Although I may have had some inklings about what would prove worthwhile, I started as broadly as I could with regards to which pitching stats I checked for correlation. This proved extremely useful, as something that ended up being (relatively) highly correlated to the RA-DRA difference was something I’d completely forgotten to consider until I was well underway here. Using the “lm” package in R, I simply found the r-squared value between my DRA-RA values and my stat of choice/comparison. I checked out just about everything I thought could possibly be relevant: BABIP, strikeout rate, walk rate, home run rate, double-play percentage, batted ball type profile, workload split between starters and relievers, DRA split between starters and relievers, and what total percentage of pitchers were strikes. I also dove into the PITCHf/x data, and included fastball velocity, fastball movement (both axes), fastball usage, curveball movement, and curveball usage.
For the most part, I found nothing. However, there can (hopefully) be interesting results even in what looks like nothing.
Using the complete 1953-2016 data set, to come up with anything to even talk about I was forced to set my threshold for “correlation worth mentioning” far below where I ever had it in my previous life as a chemist. In the case of batted ball types, r2 values for GB%, FB%, LD%, and Pop% came out to 0.044, 0.006, 0.001, and 0.0005 respectively—so, nothing at all. Percent of innings thrown by starter had an r2 of 0.03. Walk rate was 0.02, and strikeout rate was even worse. Of all the PITCHf/x data I included, only fastball usage had an r2 above 0.01, and even then it was only 0.07.
The biggest r2 for any stat I looked at over the whole data set was BABIP, which even then only came to 0.167. Home run rate was at 0.123, and DP% was 0.097. I strongly considered stopping after that, and telling my editor that I didn’t find anything that was even worth mentioning.
Fortunately for all of us (especially me), Rob and Ben’s piece at FiveThirtyEight, wherein they discuss factors that affect a team’s ERA-FIP difference, came out right about at the time I was considering giving up. There are multiple reasons this was useful, but I’ll start with LOB%.
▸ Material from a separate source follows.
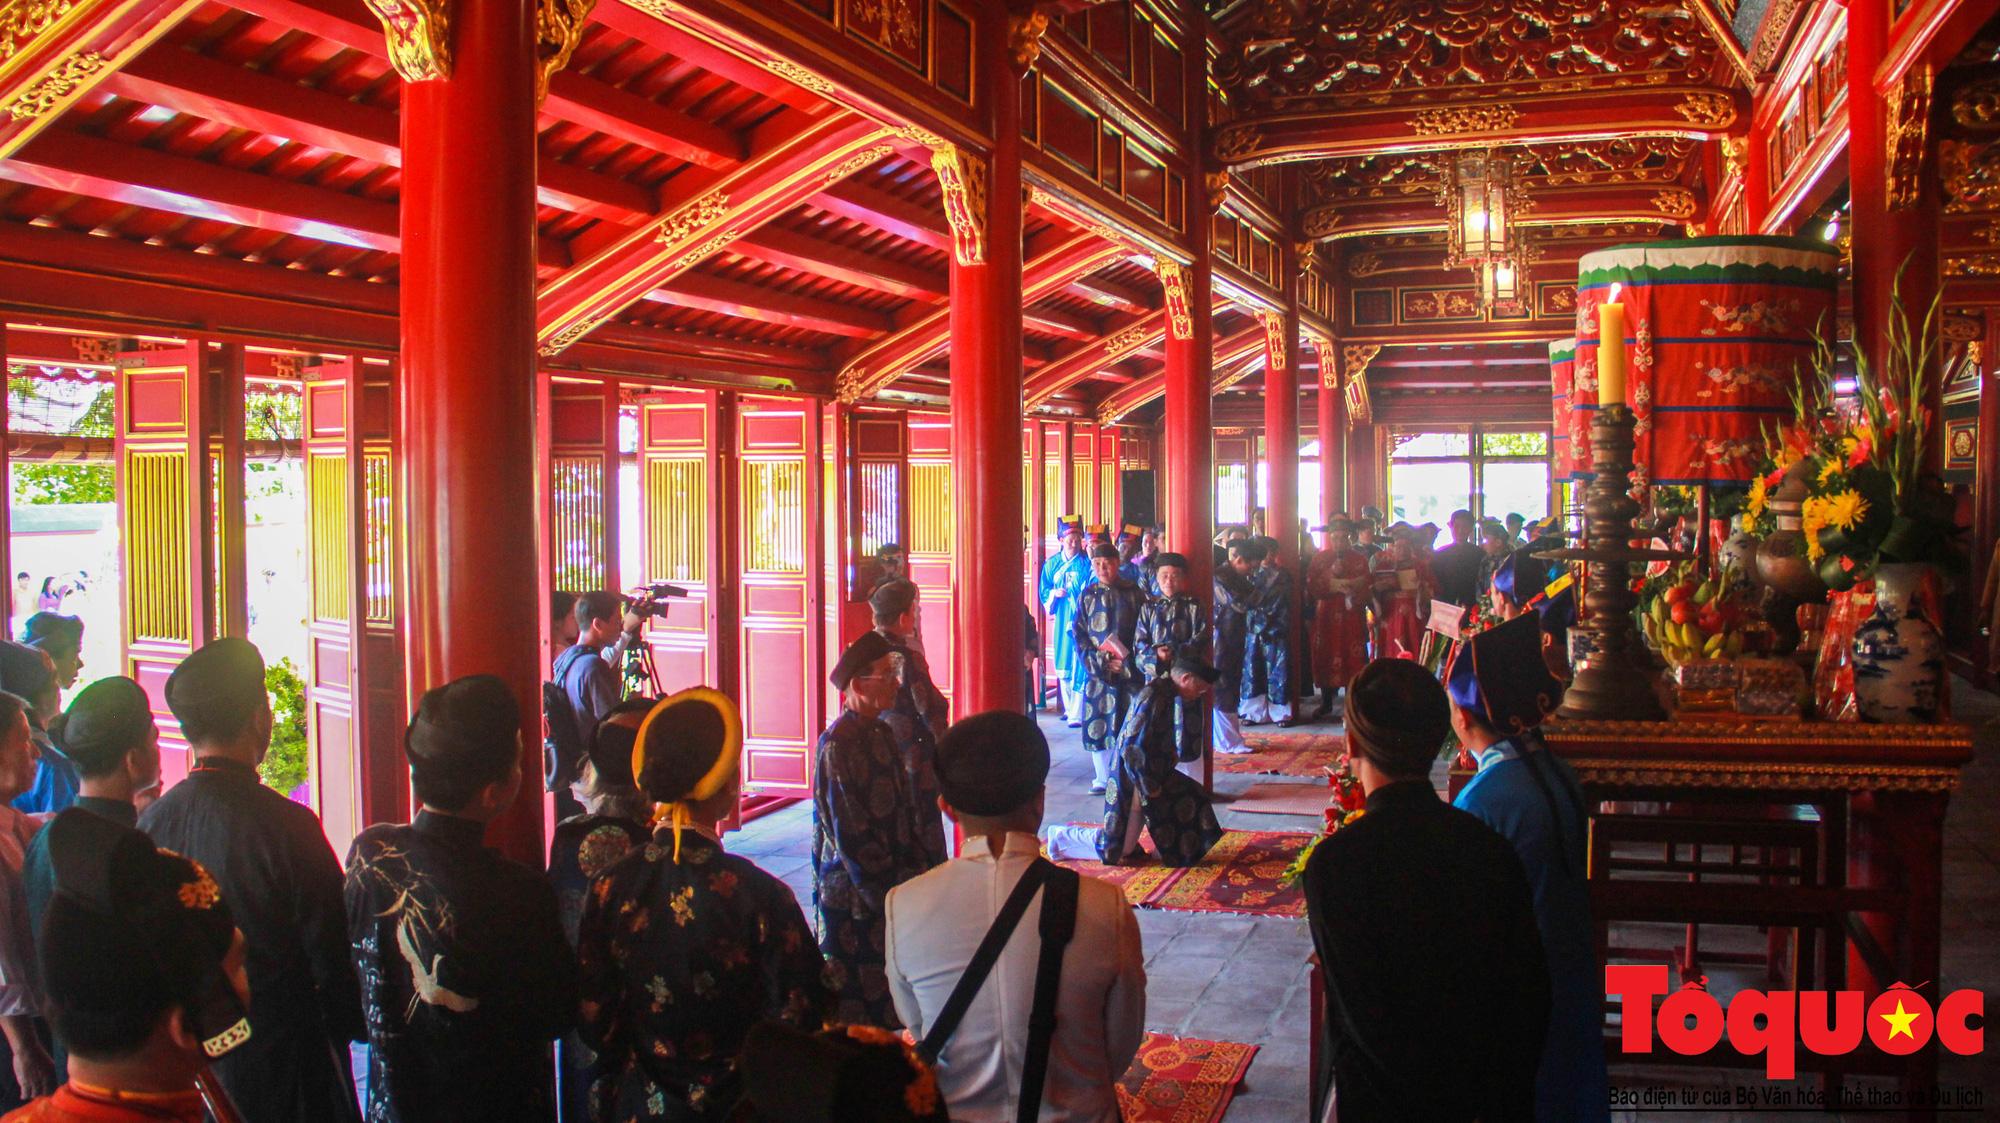 Hàng trăm tà áo dài diễu hành trên phố tri ân chúa Nguyễn Phúc Khoát - Ảnh 10.

As they mention, LOB% (left-on-base percentage) can be used as a proxy for the effects of sequencing. It’s only available going back to 2002, so I subsetted my data to only include 2002-present. This allowed me to look at LOB% as well as Hard%, Medium%, and Soft% from Inside Edge. Although the quality-of-contact stats didn’t show any meaningful correlation, I found (just as Rob and Ben did for ERA-FIP) that LOB% was reasonably well correlated with the RA9-DRA difference, especially relative to all the other factors I’d examined thus far—the r2 was 0.381.
The next reason I’m grateful to Rob and Ben is that subsetting the data prompted me to check whether the r2 values I found for the complete data set matched those found for the recent years only. For the most part, the answer was yes, with one enormous exception: groundball percentage. This went from an r2 of 0.044 in the full set—basically no correlation—to 0.206 in the subset! Now, 0.206 by itself is nothing to write home about, but that’s an enormous jump. It really stands out if you look at it via scatter plot.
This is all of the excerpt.